In the above algorithm, if we don't know the period of the needle exactly, then we can still execute the algorithm with a lower bound. We move the window forward less efficiently than we could, but we wouldn't skip a possible solution. And the argument for the "mem" stuff wouldn't work then, so in that case we need to keep "mem" set to 0.
Chapter 3: The maximum suffix algorithm
That is the most magical part of the algorithm. It is hard to understand its result, and also its way of calculating it. I'll just present my way of writing the algorithm first:
Code: Select all
struct factorization {
size_t ms; /* position of the maximum suffix */
size_t p; /* period of the suffix */
};
static struct factorization maximum_suffix(const unsigned char *n, size_t nl, int rev)
{
size_t ip = -1; /* candidate suffix position */
size_t jp = 0; /* candidate compare position */
size_t k = 1; /* check index inside the window */
size_t p = 1; /* period / window length */
while (jp+k < nl) {
if (n[ip+k] == n[jp+k]) {
if (k == p) {
jp += k;
k = 1;
} else k++;
} else if ((n[ip+k] < n[jp+k]) ^ rev) {
ip = jp++;
k = p = 1;
} else {
jp += k;
k = 1;
p = jp - ip;
}
}
return (struct factorization){ip+1, p};
}
Incidentally, this is where we reach almost the end, because all that is left is using it.
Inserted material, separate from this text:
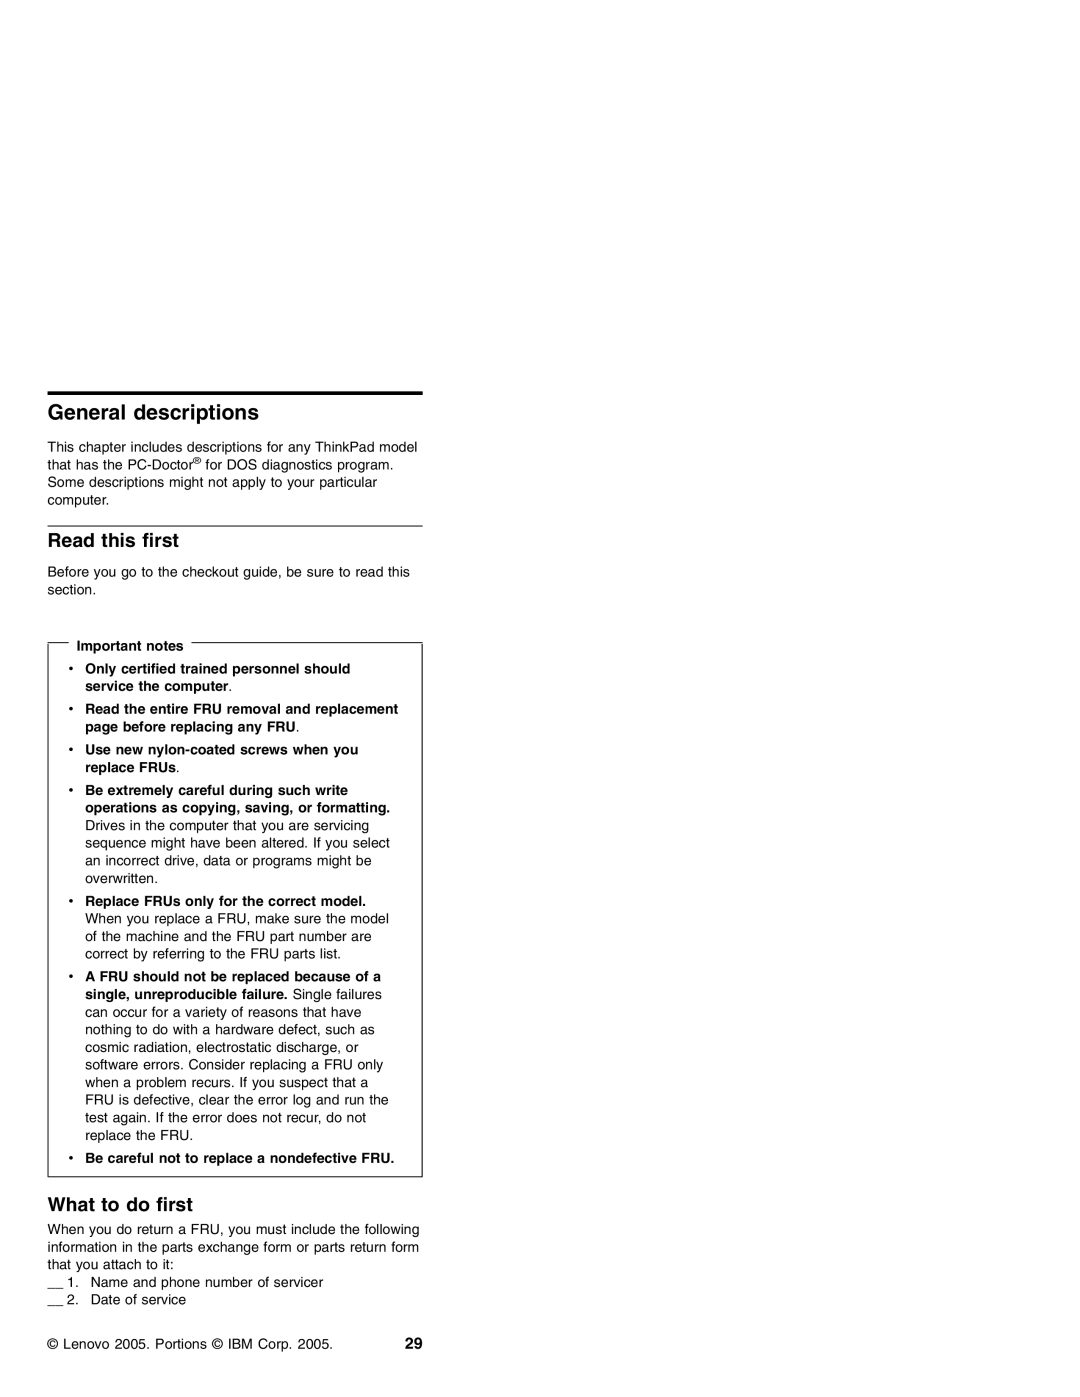 Lenovo MT 2369 manual General descriptions, Read this first, What to do first

Chapter 4: Putting it all together
The final (pure) algorithm then looks like this:
Code: Select all
char *strstr(const char *h, const char *n)
{
size_t hl = strlen(h);
size_t nl = strlen(n);
if (hl < nl) return 0;
struct factorization crit, rev;
size_t mem = 0, mem0 = 0;
size_t k;
crit = maximum_suffix((void *)n, nl, 0);
rev = maximum_suffix((void *)n, nl, 1);
if (rev.ms > crit.ms)
crit = rev;
/* is crit.p the period of the needle? */
if (!memcmp(n, n+crit.p, crit.ms) {
/* yes */
mem0 = nl - crit.p;
} else {
/* no */
crit.p = MAX(crit.ms, nl-crit.ms-1) + 1; /* lower bound, so leave mem0 at 0 */
}
for (size_t i = 0; i <= hl - nl;)
{
for (k = MAX(mem, crit.ms); k < nl && h[i+k] == n[k]; k++);
if (k < nl) {
i += k - split + 1;
mem = 0;
continue;
}
for (k = crit.ms; k > mem && h[i+k-1] == n[k-1]; k--);
if (k <= mem) return (char *)h + i;
i += crit.p;
mem = mem0;
}
return 0;
}
Chapter 5: Optimizations
Which I'm not putting into source code, mind you. You can read up on those yourself in practical implementations (such as in musl). But here are some ideas:
- If the needle is short enough to fit in a register, you can perform a big-endian decode on it. Then do something similar with a sliding view of the haystack, and you have yourself a strstr algorithm that is guaranteed linear in time.
- If the above algorithm is called with a needle consisting of characters entirely not contained in the haystack, then it will still perform hl-nl comparisons. But if the alphabet is relatively small (say, if it really is a strstr() implementation and CHAR_BIT is 8, so the alphabet consists of 256 characters), then the memory costs for a single round of the Boyer-Moore algorithm are not only constant but justifiable to put on the stack. That way, the algorithm will perform hl/nl comparisons in the case mentioned. In all others, it ensures that the last character of the haystack window we are currently looking at matches before the rest of the algorithm is engaged.
- It is not actually necessary to calculate either the length of the needle or the haystack. Doing so could indeed take a long time. It is only necessary to calculate the smaller of both lengths. If the needle is longer than the haystack, we can terminate early. And in the other case, the only thing we actually need in the loop is that the string starting at h+i is at least nl characters long. So we could just look for a null byte in that range of bytes only.